The result should be the lines from the one holding "Made in 18k" to the final line of the records, retyped exactly.

─── Data in this exercise

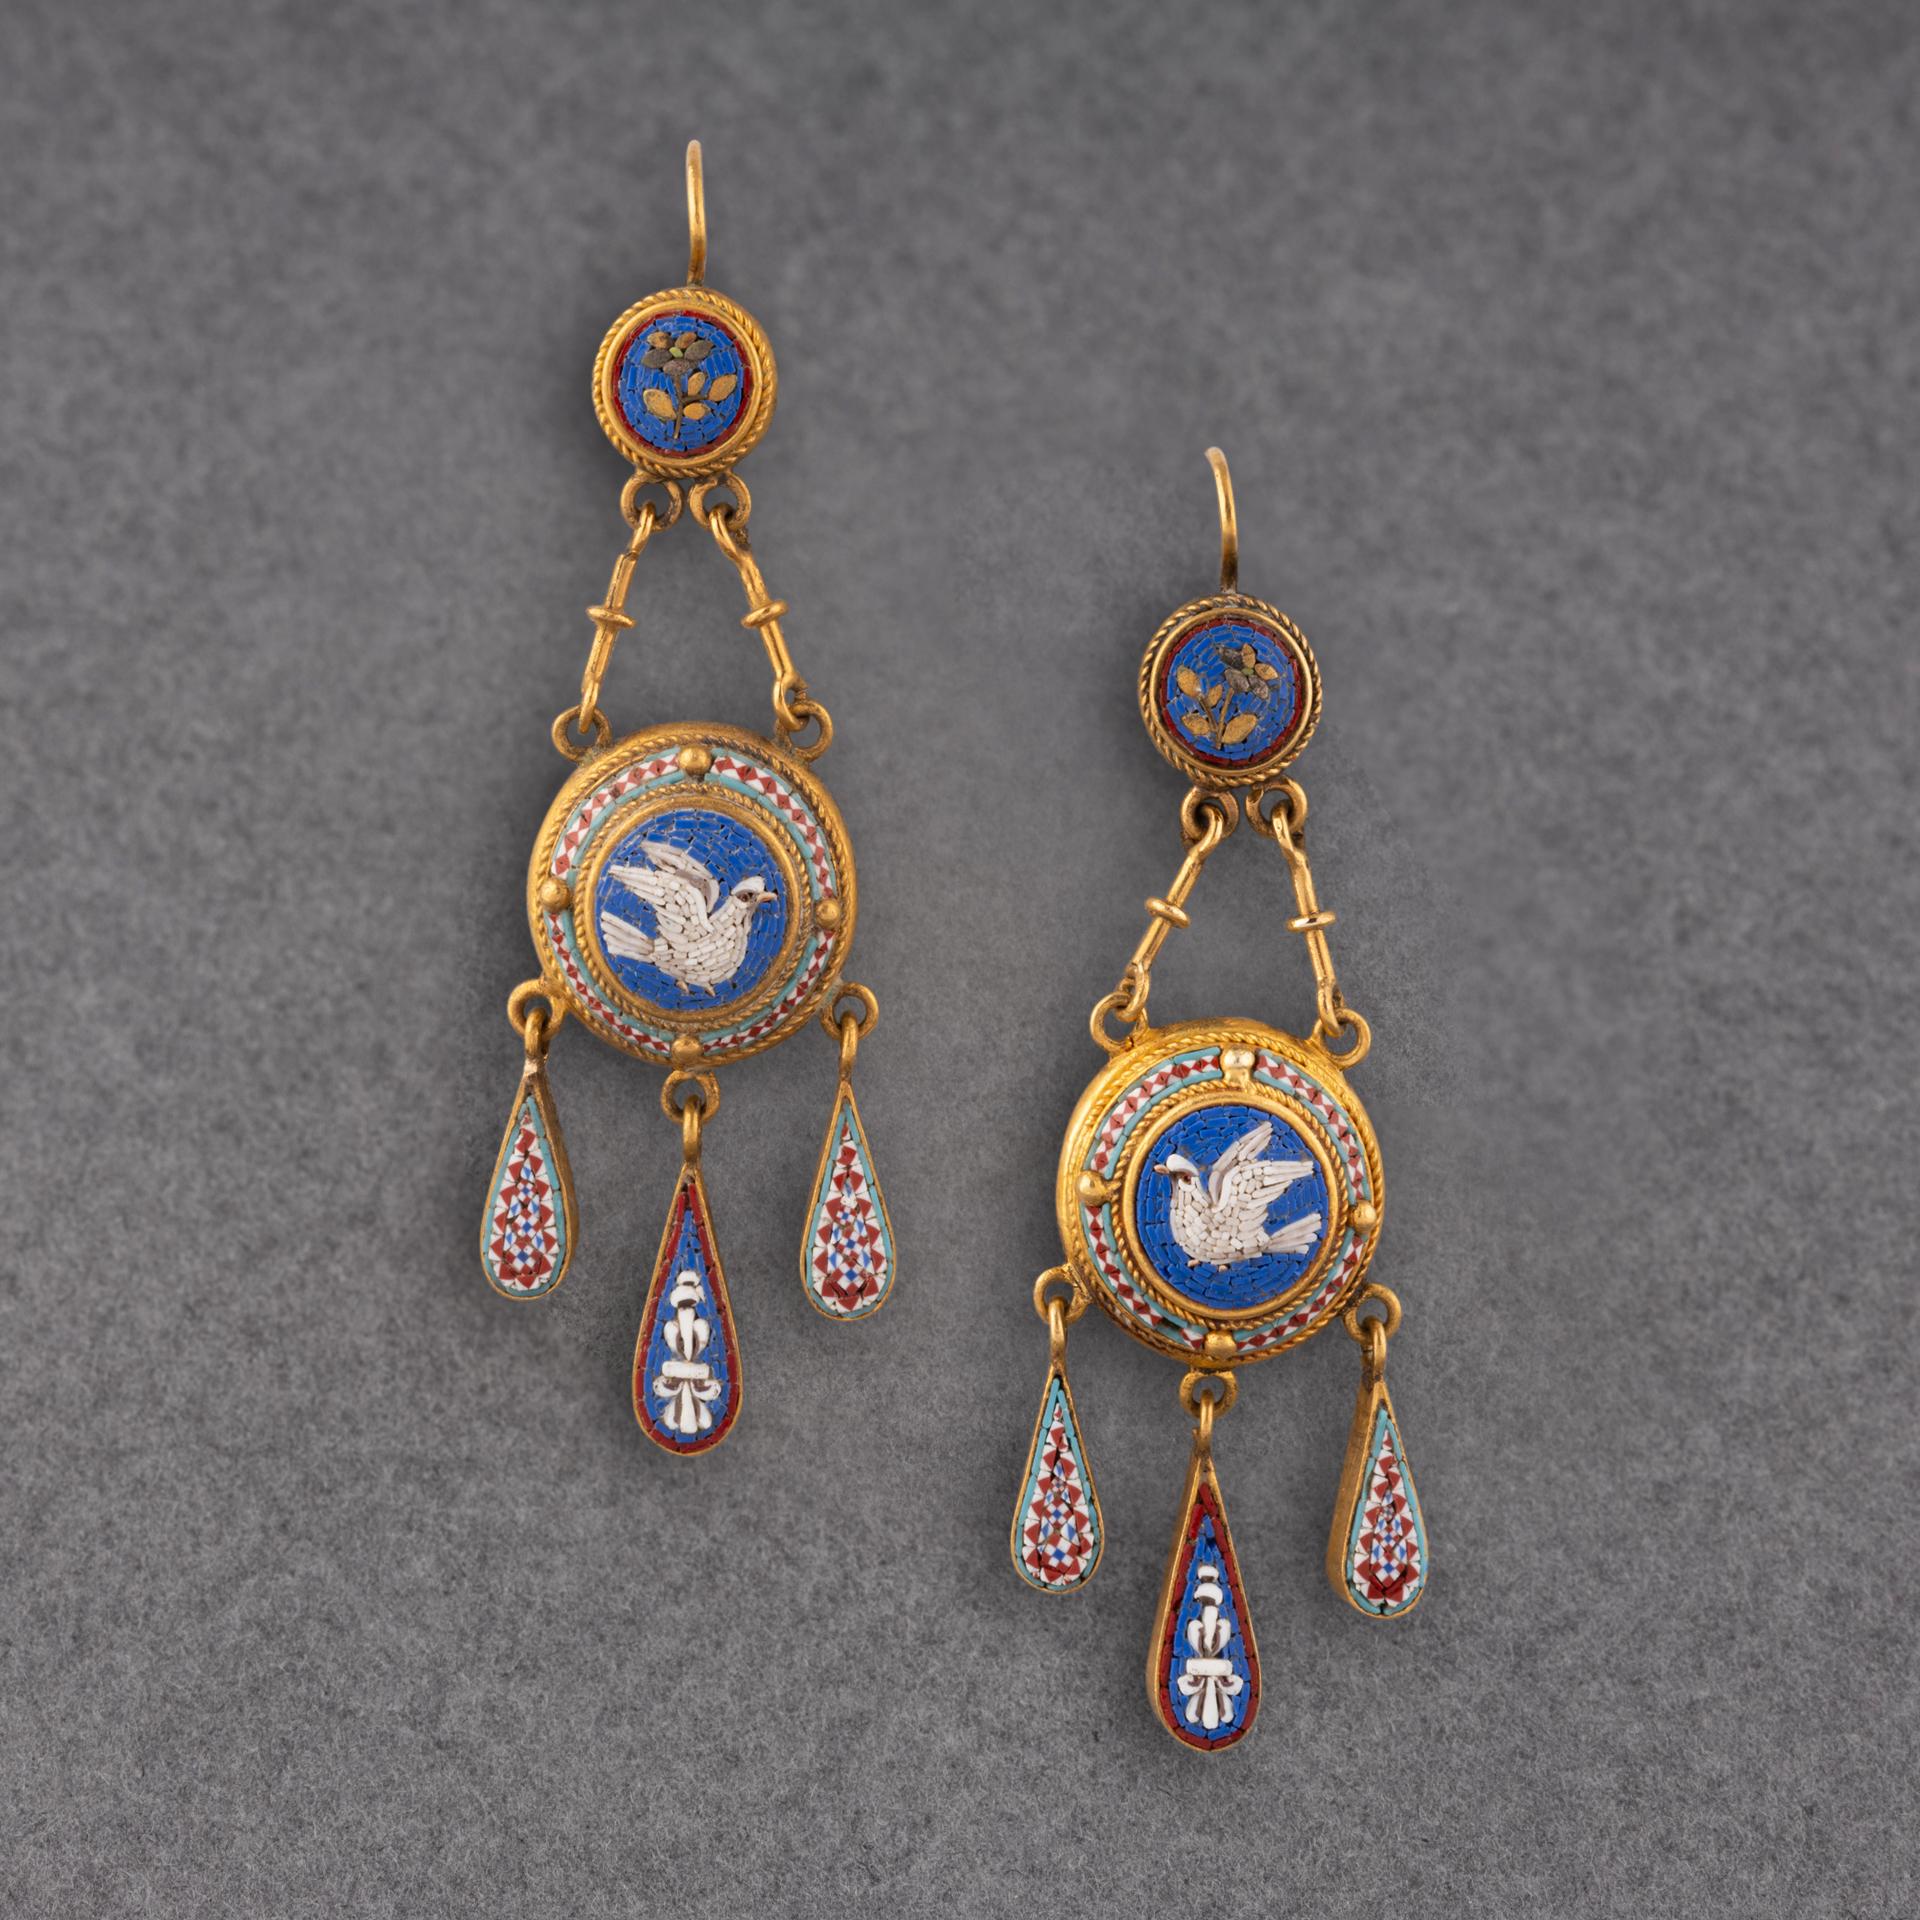 A very beautiful pair of antique earrings, italian made circa 1850.
Made in 18k gold and set with micro mosaïques.
Hallmarked.
Dimensions: 58mm height 22mm width
Weight: 9.50 grams

──────

Task output
Made in 18k gold and set with micro mosaïques.
Hallmarked.
Dimensions: 58mm height 22mm width
Weight: 9.50 grams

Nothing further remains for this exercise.